Gaussian integral formula

Question

I have problem with this example so if somebody can explain how I can solve it or how I can simplify o write $f(x)$ function it will be great!

Find Gaussian formula in form:

$\int^{1}_{-1}|x|\cdot f(x) dx=w_0\cdot f(x_0)$

and with that formula solve next integral:

$\int^{1}_{-1}|x|\cdot \sin(x) dx$

I will probably be able to solve but I really don't know what to do with $\sin(x)$, because we only do exaples of this kind:

$\int \sqrt x f(x)dx=w_0\cdot f(x_0)$ to solve $\int x^2dx$ so in that case I know that I should write $f(x)$ as $x^k$ but here in case with $\sin(x)$ or any other function I'm in front of wall and don't have any idea.

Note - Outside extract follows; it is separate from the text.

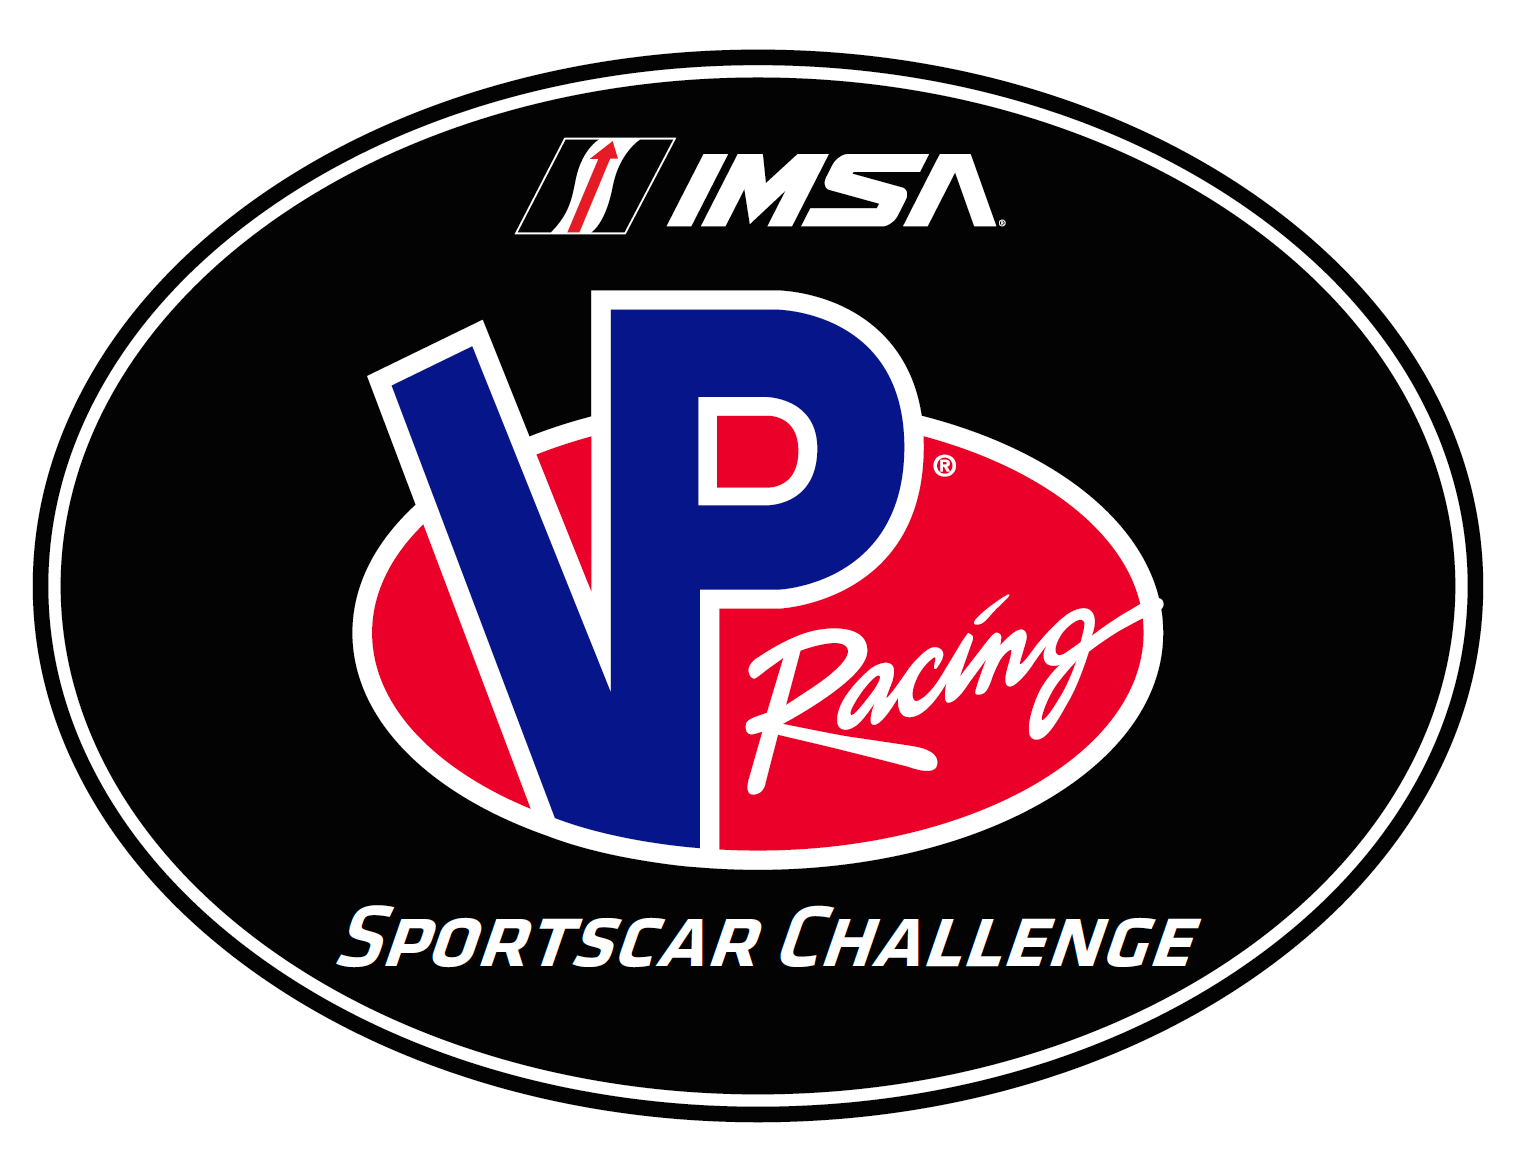 VP Racing and IMSA Extend Relationship Through 2030
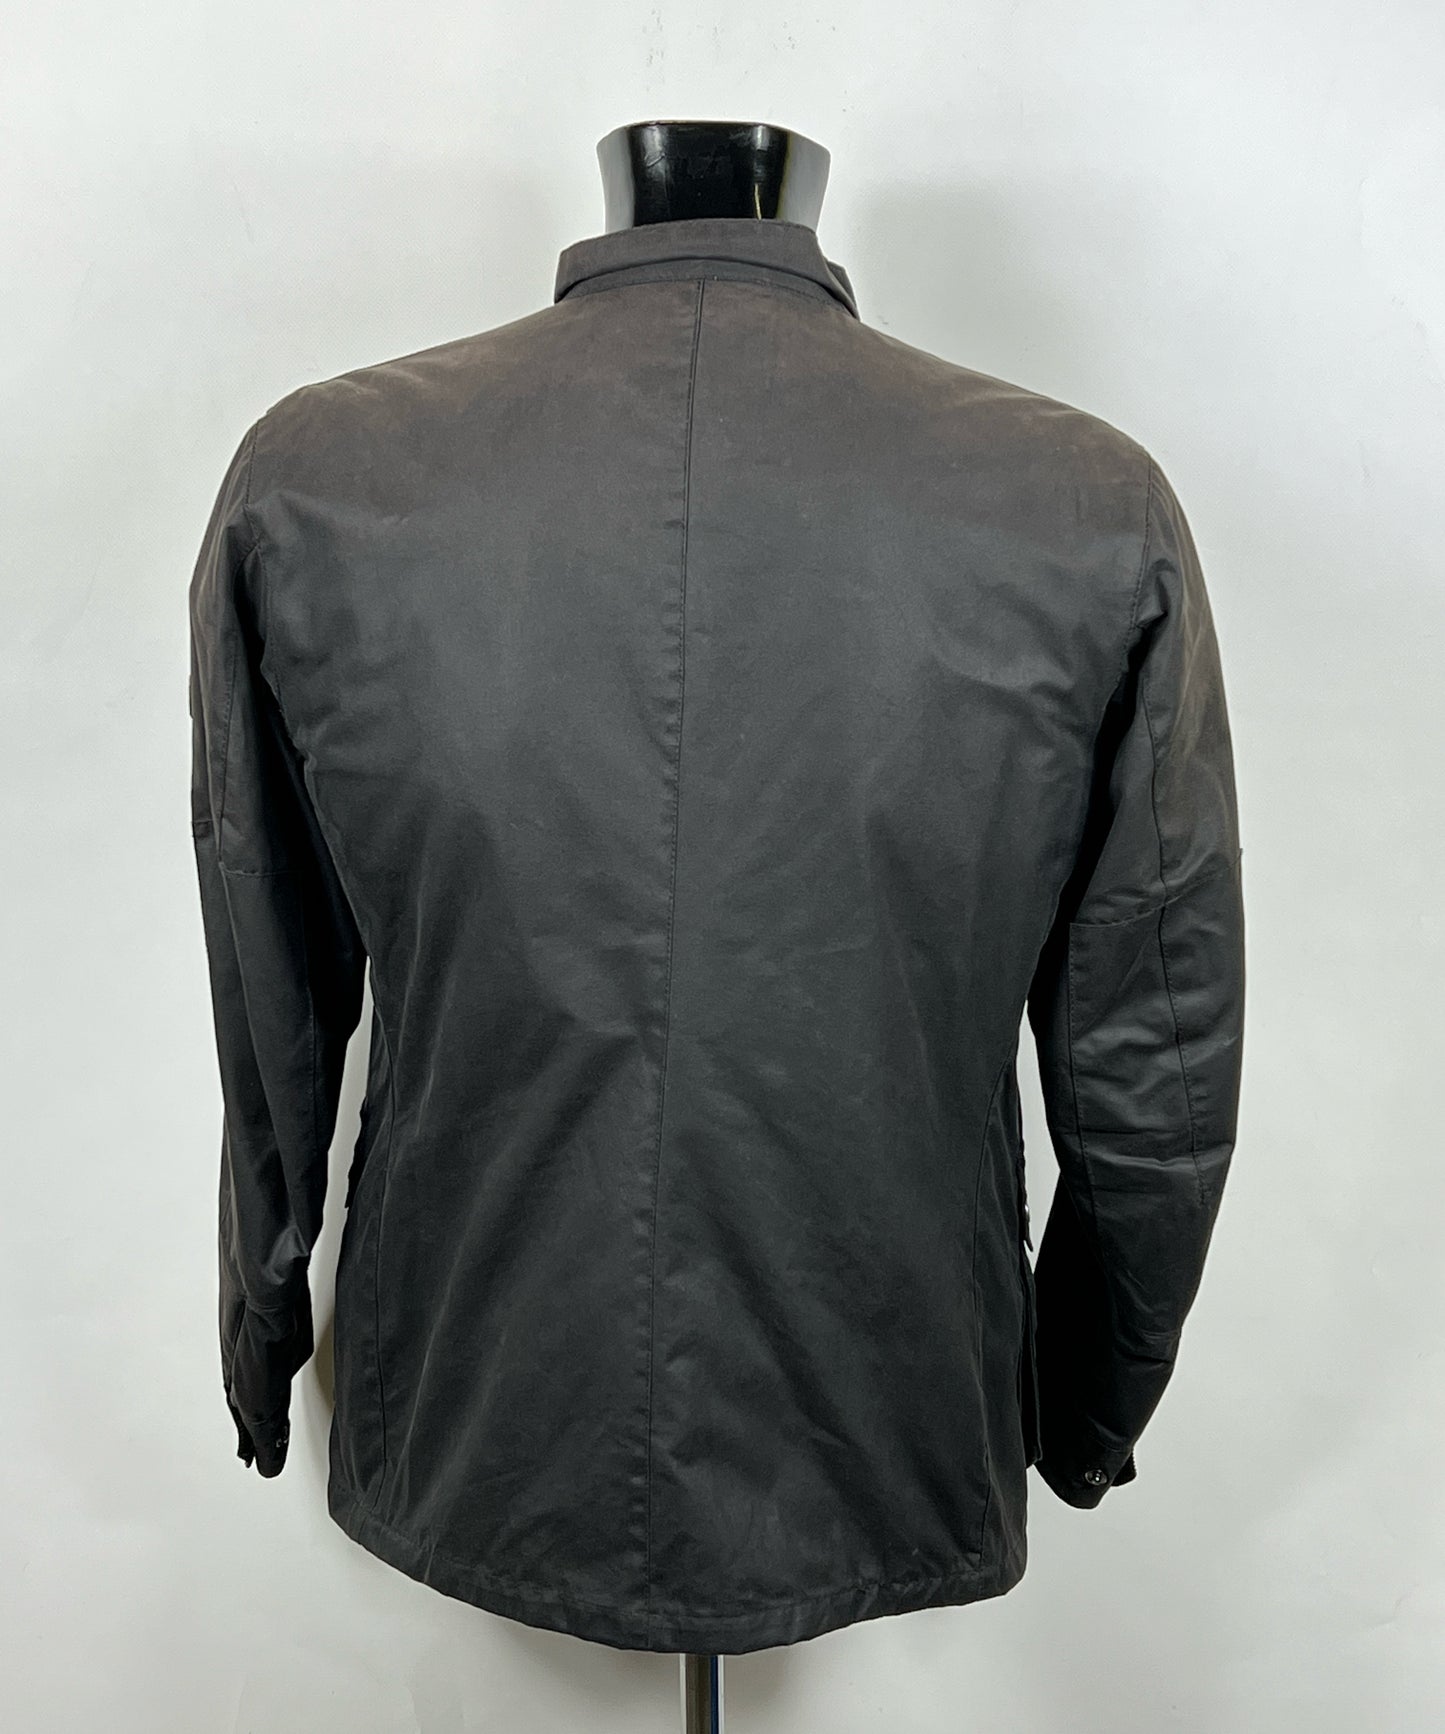 Giacca Barbour International Duke nero M - Man black Duke wax Jacket Size M

I would be really happy if somebody have time to write this down also for other functions not only for $\sin(x)$.

Thank you!

Answer 1

Gaussian one-point formula is exact on affine functions. Since the weight function is even, the nodes are symmetric wrt. $0$, so $x_0=0$. Observe that the node $x_0$ is a root of a polynomial of degree $1$ orthogonal wrt. the weight function $|x|$. This is indeed $0$. Next, to determine $w_0$ let us integrate the $1$ function with the weight function $|x|$. The integral is $1$, so (because our quadrature is exact on affine functions), $$1=\int_{-1}^1 |x|\text{d}x=w_0\cdot 1$$ and finally $$\int_{-1}^1 f(x)|x|\text{d}x=f(0)$$ is our Gaussian formula. Applied to $f(x)=\sin x$ gives of course $0$. This example tells us that Gaussian quadratures are always exact on polynomials of the highest possible degree, nevertheless they could be exact on certain other functions.